Moreover, MAFLD or NAFLD was associated with the high 10-year CVD risk for patients with RA in the unadjusted analysis (MAFLD: OR = 3.533, 95% CI 2.283-5.469, p < 0.001; NAFLD: OR = 3.428, 95% CI 2.201-5.339, p < 0.001, respectively). After adjustment for the potential confounders, these associations remained (MAFLD: AOR = 3.184, 95% CI 1.777-5.705, p < 0.001; NAFLD: AOR = 2.870, 95% CI 1.597-5.156, p < 0.001, respectively).

To compare the performance of MAFLD and NAFLD in identifying CVD events and high 10-years CVD risk in RA patients, the NRI and IDI were performed to evaluate the improvement of diagnostic accuracy. The NRI and IDI was -0.011 (95% CI -0.025-0.003) and -0.002 (95% CI -0.007-0.002) for CVD events, and 0.012 (95% CI -0.014-0.038) and 0.005 (95% CI -0.003-0.013, all p > 0.05, Supplementary Table S4) for high 10-year CVD risk, respectively. Compared with NAFLD, the MAFLD criteria had no further improvement (either measured by NRI or IDI) in identifying CVD events and high 10-years CVD risk.

Discussion

Our research for the first reports that the prevalence of MAFLD in RA patients is 21.4%. Besides a higher risk of advanced fibrosis, both MAFLD and NAFLD are related to an increased hazard (2~3 folds) of CVD events and high 10-year CVD risk. However, new nomenclature from NAFLD to MAFLD identifies no additional CVD risk in RA patients. These findings impose an emphasis on the detection and management of MAFLD or NAFLD in patients with RA. 
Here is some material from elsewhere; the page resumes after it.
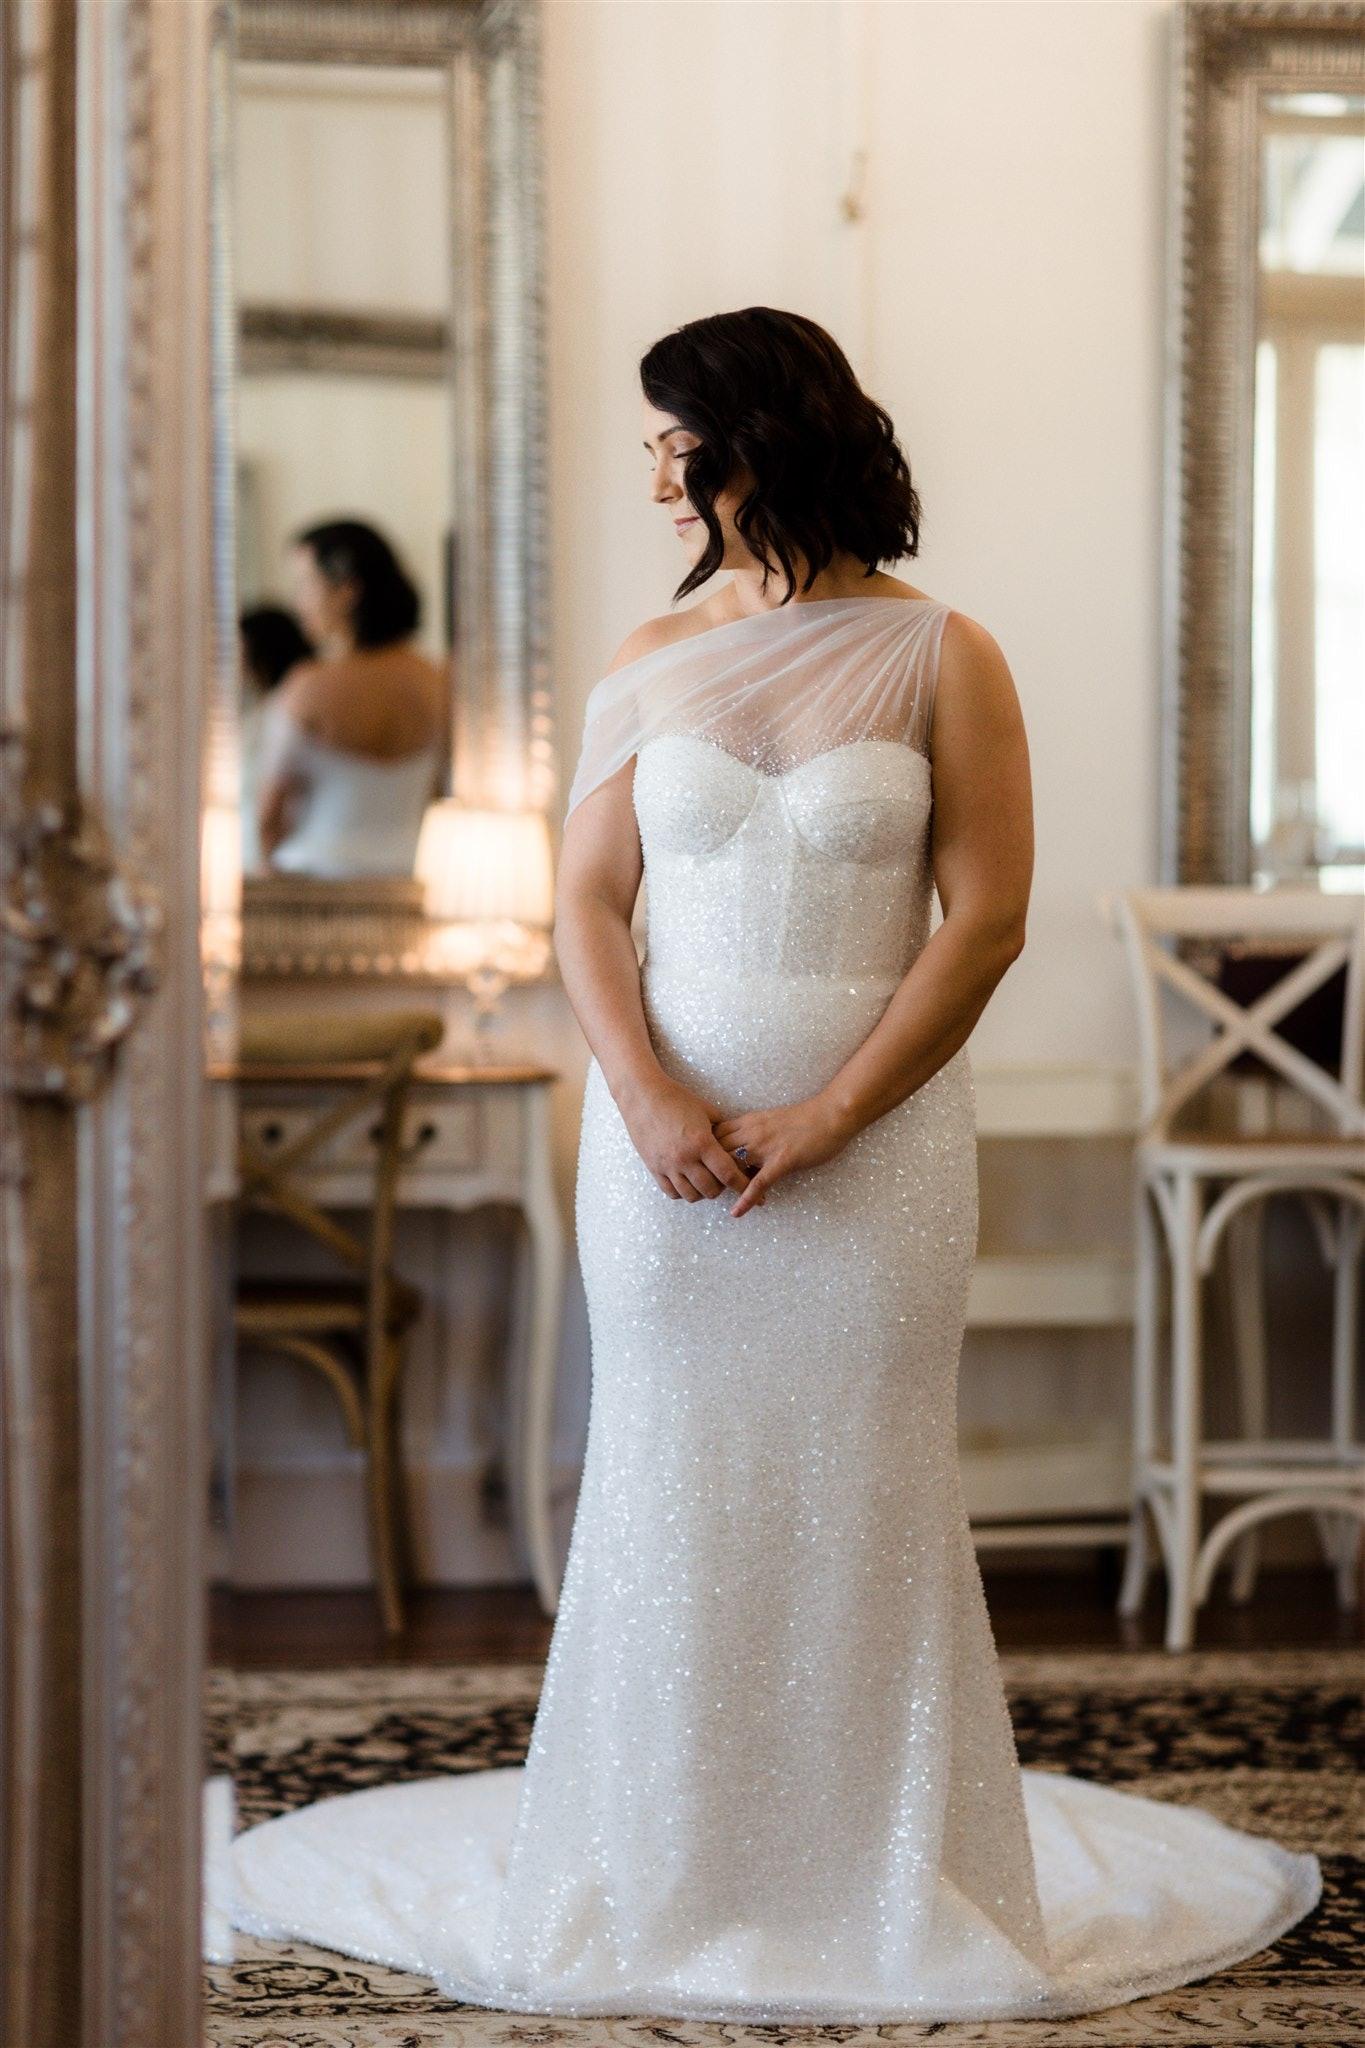 Bride in Bride's Retreat posing in sequinned dress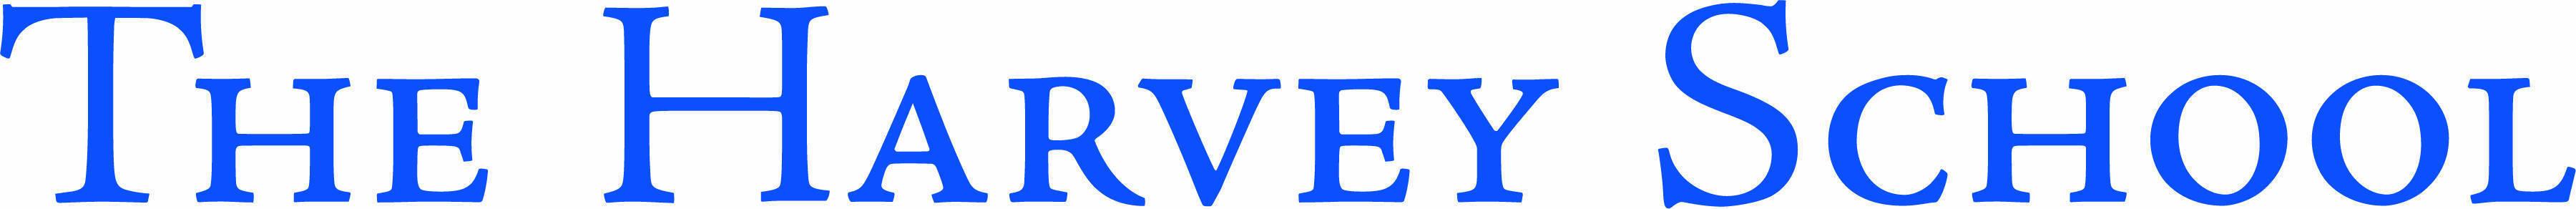 9b41058356d1e999ca86 harveylogotype blue 2015  8

A recent meta-analysis in 2020 reported the total prevalence of NAFLD in Mainland China is 29.9%, which was similar to that in Western countries (23.7%-31.8%) [23,24]. And the epidemiological data of MAFLD prevalence was 30%-40% in general population in Asia [25]. Although the definition of MAFLD allowed the inclusion of patients with over alcohol intake and concomitant liver diseases, dispute still remained on whether more patients were identified by using the MAFLD definition. In a Korea Nationwide Cohort Study of 9.58 million middle-aged adults, the prevalence of fatty liver disease (FLD) was higher by using the definition of MAFLD than NAFLD (37.3% vs. 28.0%) [26]. A population-based study in the northern China also showed a higher prevalence of MAFLD than NAFLD (32.7% vs. 27.3%) [27]. However, other researchers showed an identical prevalence between MAFLD and NAFLD (31.2% vs. 33.2%) by Lin et al. [28] and 25.9% vs. 25.7% by Wong et al. [29]. In our cohort, the prevalence of NAFLD was 20.5%, which was consistent with that in Korean (21.1%) and in Italian (25.0%) RA population [30, 31]. To our best knowledge, no studies have investigated the epidemiological data of MAFLD in RA patients yet. In this study, the prevalence of MAFLD was 21.4%, which indicated the new definition of MAFLD shared a similar prevalence to NAFLD in RA patients. 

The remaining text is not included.